Currently, fluorescent imaging has garnered notable interest owing to its capability for relatively straightforward operation, high sensitivity, and real-time visualization.^18–21 Therefore, the detection of intracellular viscosity with the aid of a fluorescence spectrometer may become a new-established method, potentially being used for HIRI early diagnosis.

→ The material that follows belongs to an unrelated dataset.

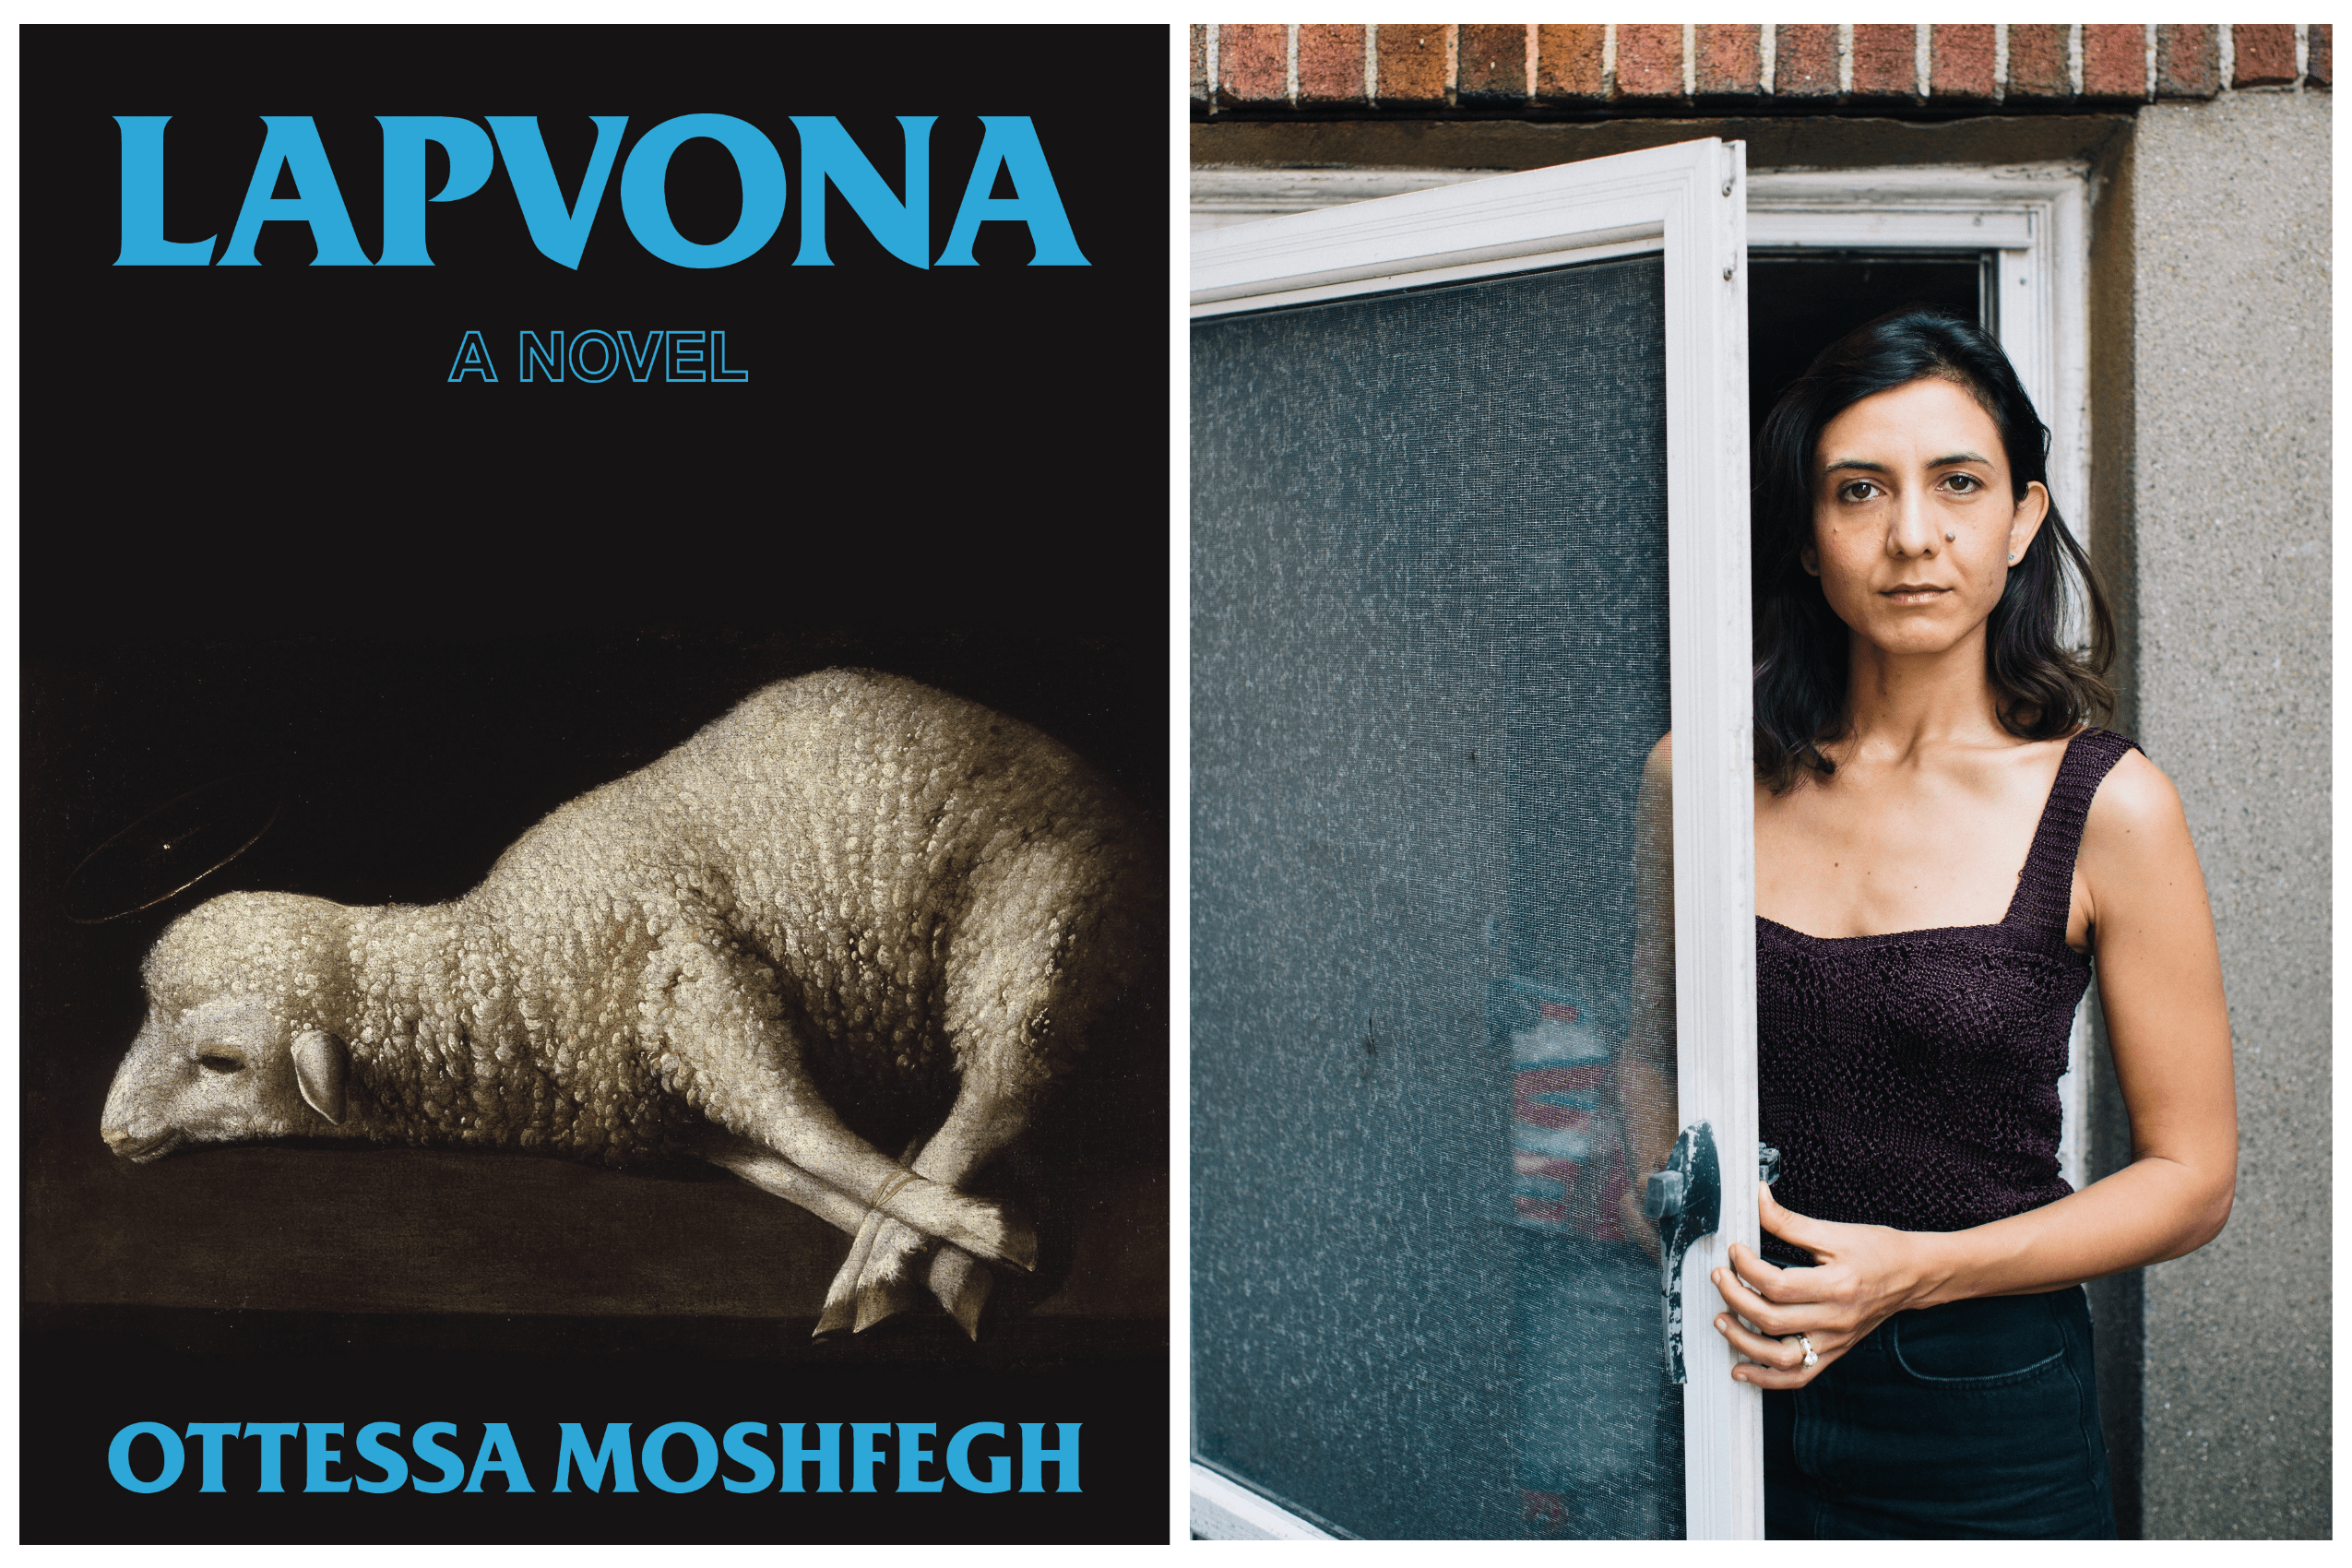 Ottessa Moshfegh's latest book is &quot;Lapvona.&quot; (Courtesy Penguin Press/Jack Belcher)
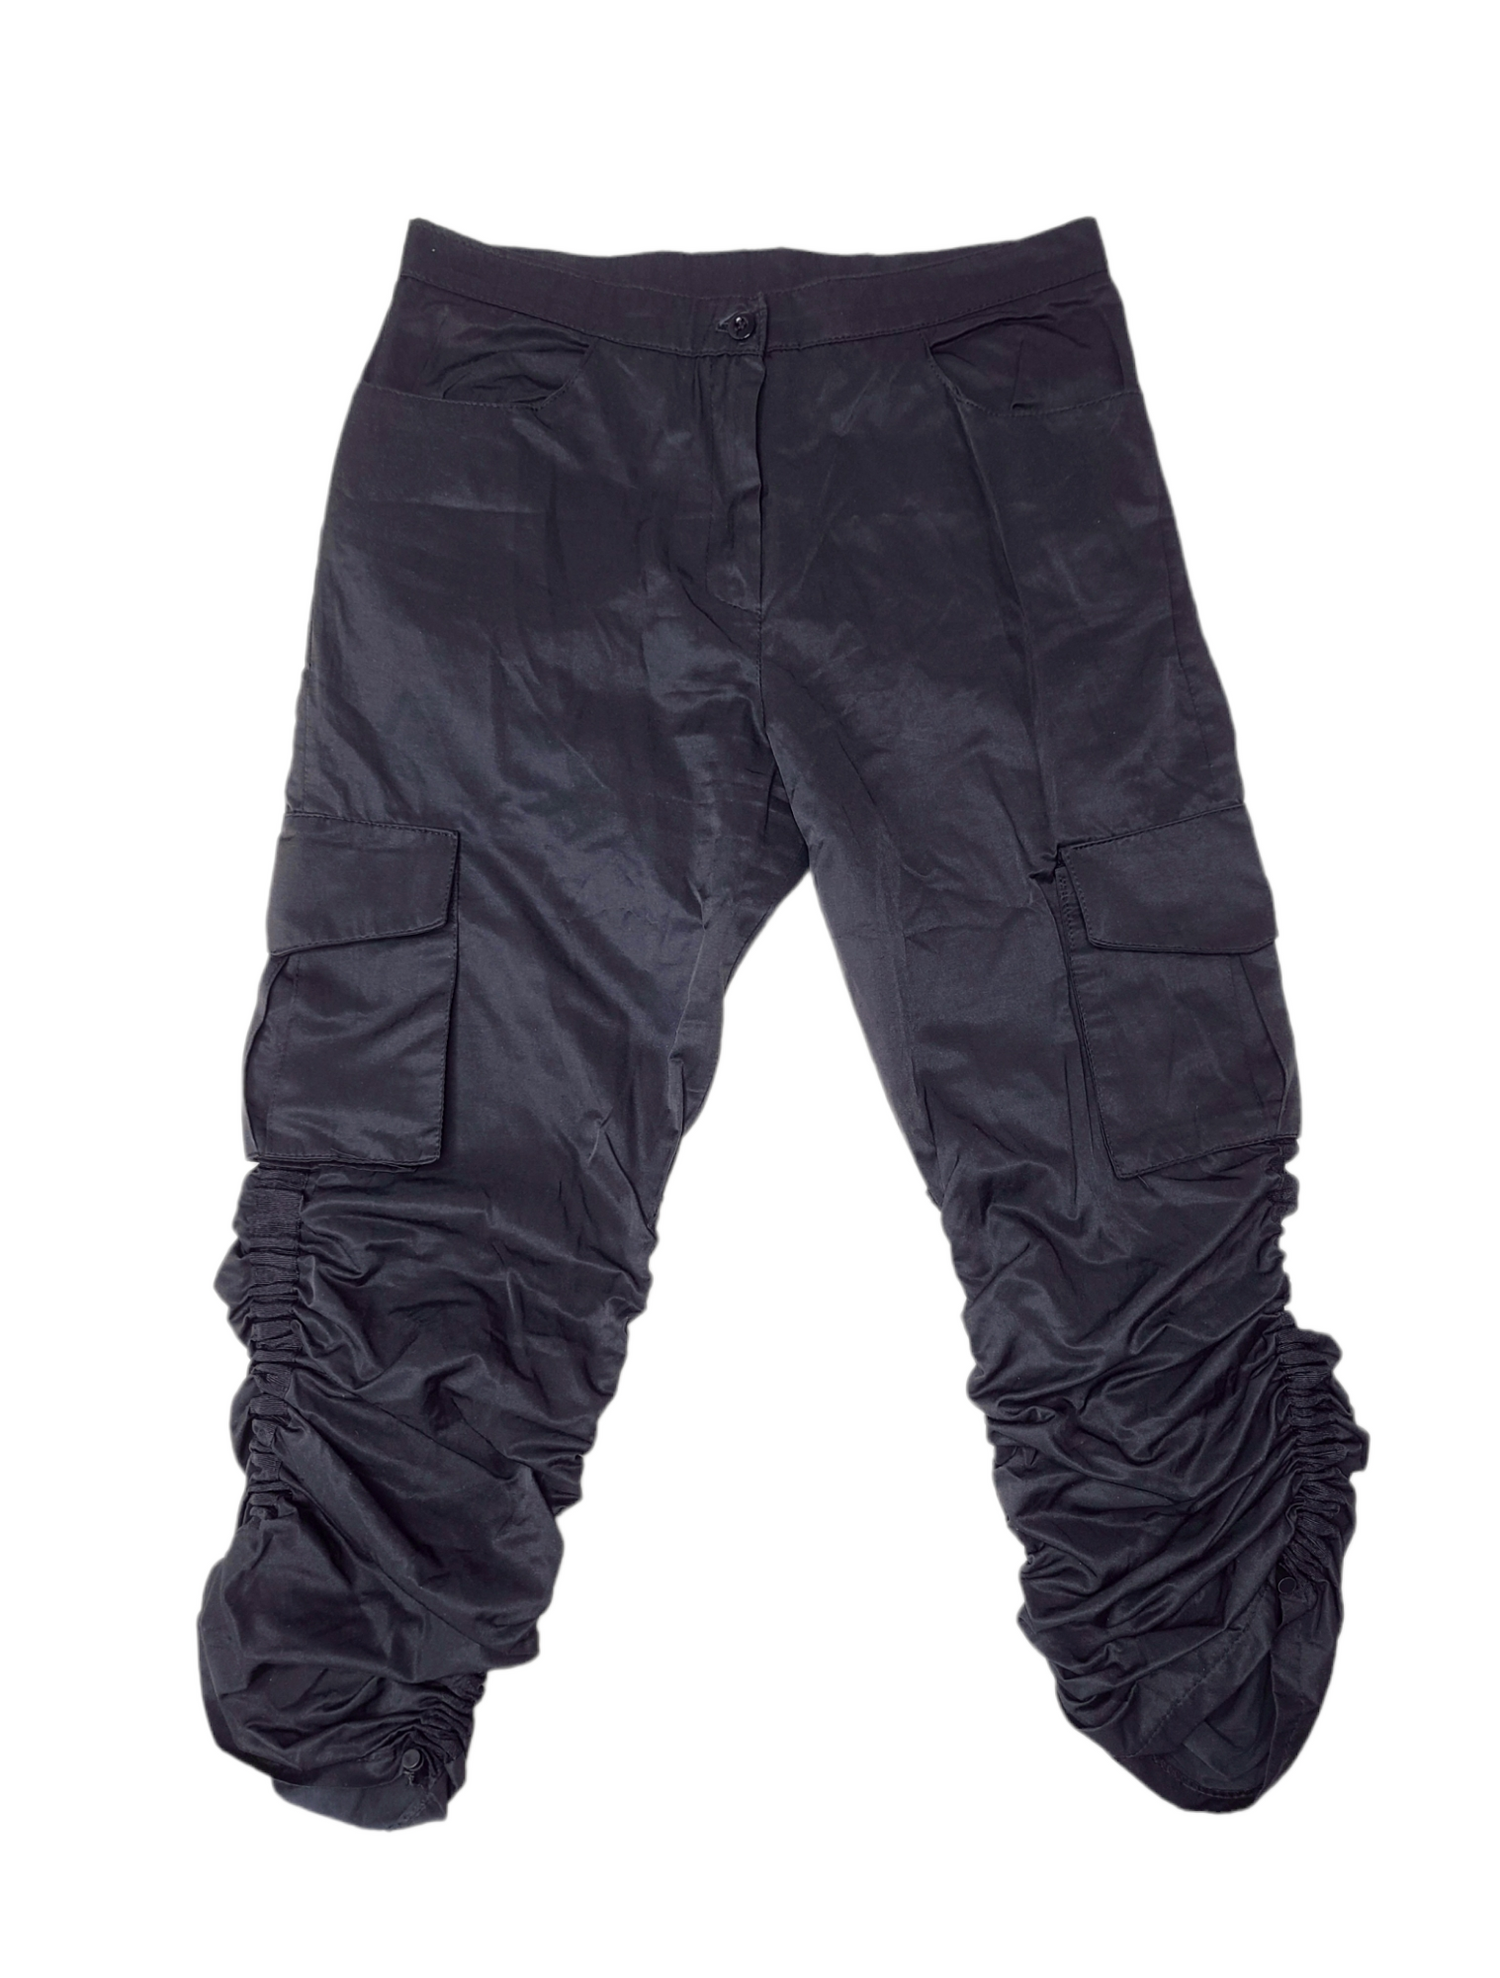 Y2k cybery2k futuristic harajuku techwear gorpcore rave noir pantalon 2000s

To date, considerable and outstanding results have been achieved in imaging viscosity alteration in vivo.^22–26 In 2023, Zhang group reported a near-infrared fluorescence probe, designated as DPXBI. The probe demonstrated a significant increase about 10-fold in response to changes in viscosity from 1.7 cP to 965 cP.²⁷ In 2022, Huo group reported a series of viscosity probe based on benzopyrylium unit. The Stokes shift of probe BP-III is not long as 100 nm.²⁸ However, these probes have some limitations, such as shorter wavelengths in ultraviolet or visible light ranges, shorter stoke shift, thus could not meet the need for monitoring viscosity in living organisms. Significantly, a near-infrared probe sensitive to viscosity, featuring a substantial Stokes shift, offers the benefits of minimal background interference and negligible light damage to biological samples, making it exceptionally desirable.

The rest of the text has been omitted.